SECURITIES AND EXCHANGE COMMISSION 

WASHINGTON, D.C. 20549


FORM 8-K 

CURRENT REPORT

 

Pursuant to Section 13 or 15(d) of the Securities Exchange Act of 1934

Date of Report (Date of earliest event reported): October 7, 2011

GLOBAL 8 ENVIRONMENTAL TECHNOLOGIES, INC.

(Exact Name of Registrant as Specified in Charter)

Nevada

000-30096

77-0454933

(State or Other Jurisdiction of Incorporation)

(Commission File Number)

(IRS Employer Identification Number)

 

677- 7th Avenue, #410, San Diego, California 92101
(Address of Principal Executive Offices, Zip Code)

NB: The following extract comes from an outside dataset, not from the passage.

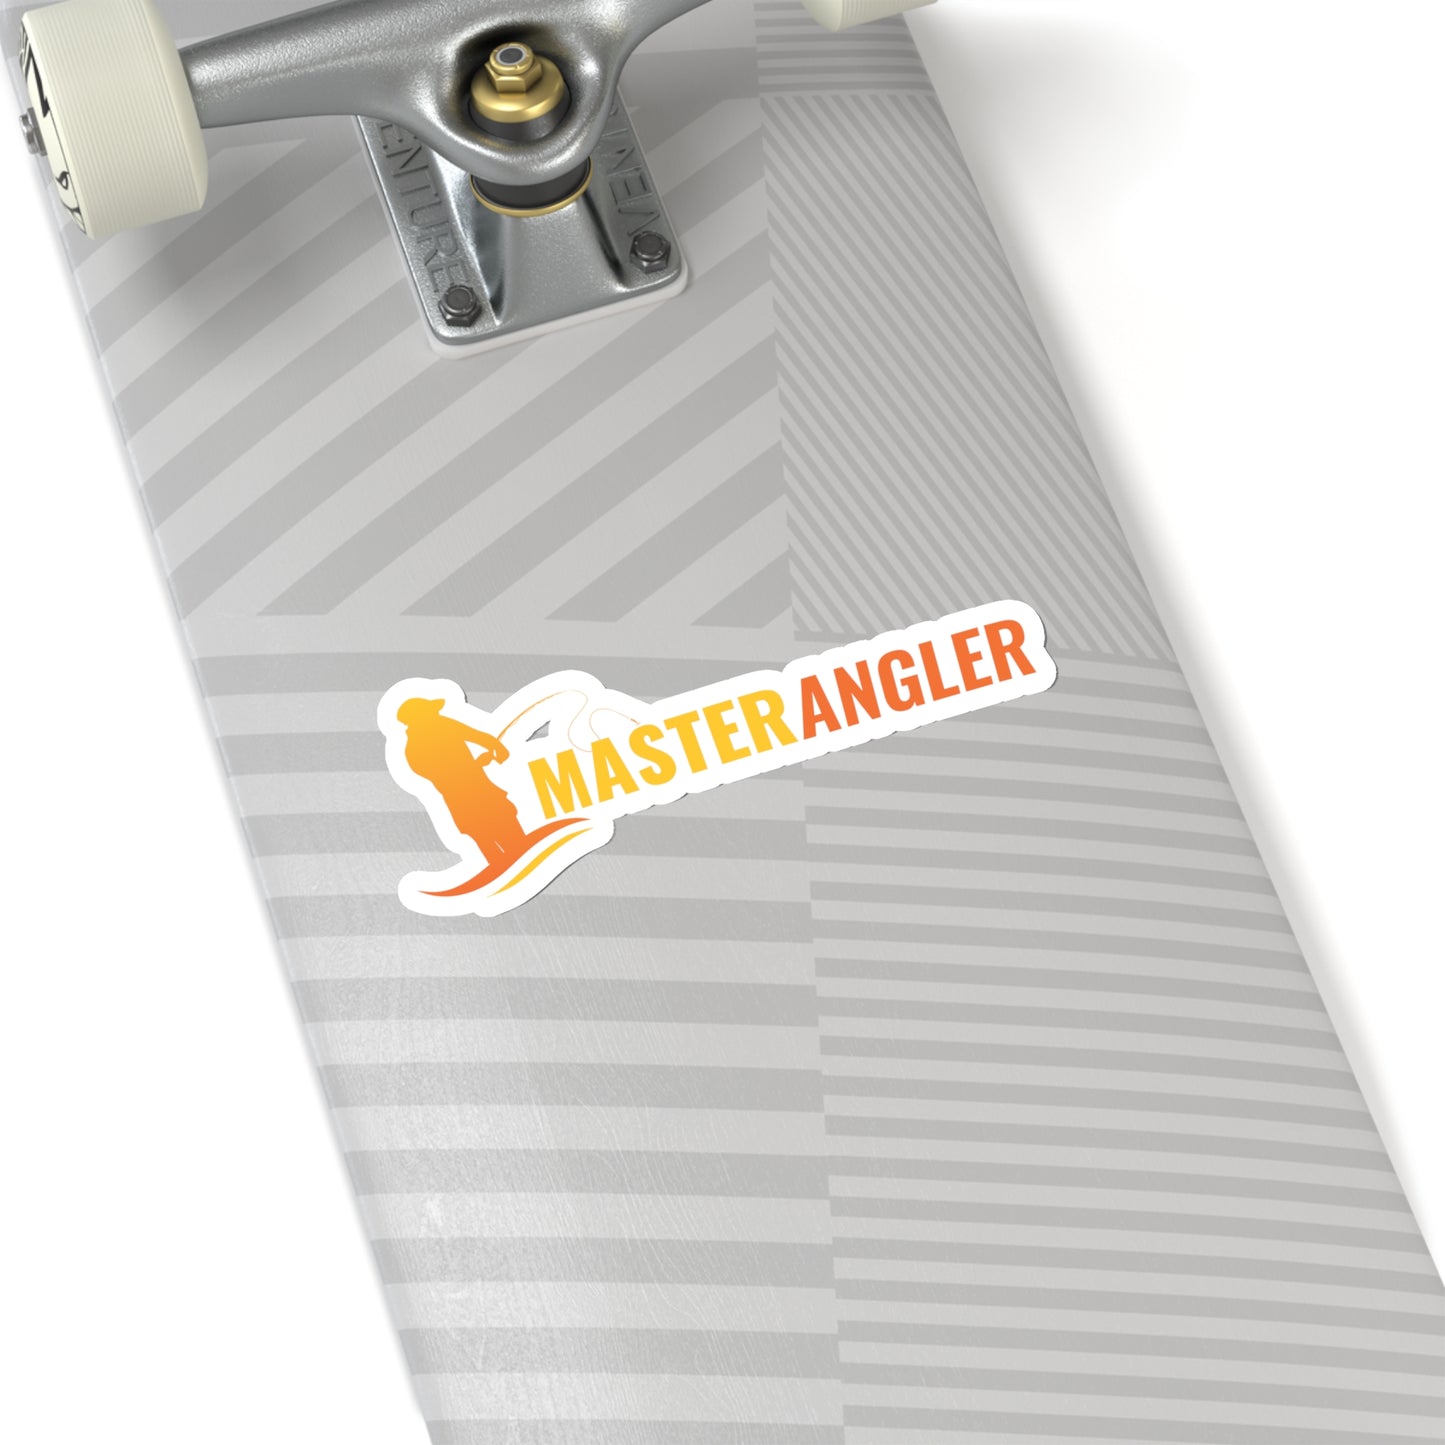 Master Angler Sticker Long - Orange

Registrant's telephone number, including area code: (760) 390-8351             

(Former Name or Former Address, if Changed Since Last Report)

Check the appropriate box below if the Form 8-K filing is intended to simultaneously satisfy the filing obligation of the registrant under any of the following provisions:

Check the appropriate box below if the Form 8-K filing is intended to simultaneously satisfy the filing obligation of the registrant under any of the following provisions:

[ ] Written communication pursuant to Rule 425 under the Securities Act (17 CFR 230.425).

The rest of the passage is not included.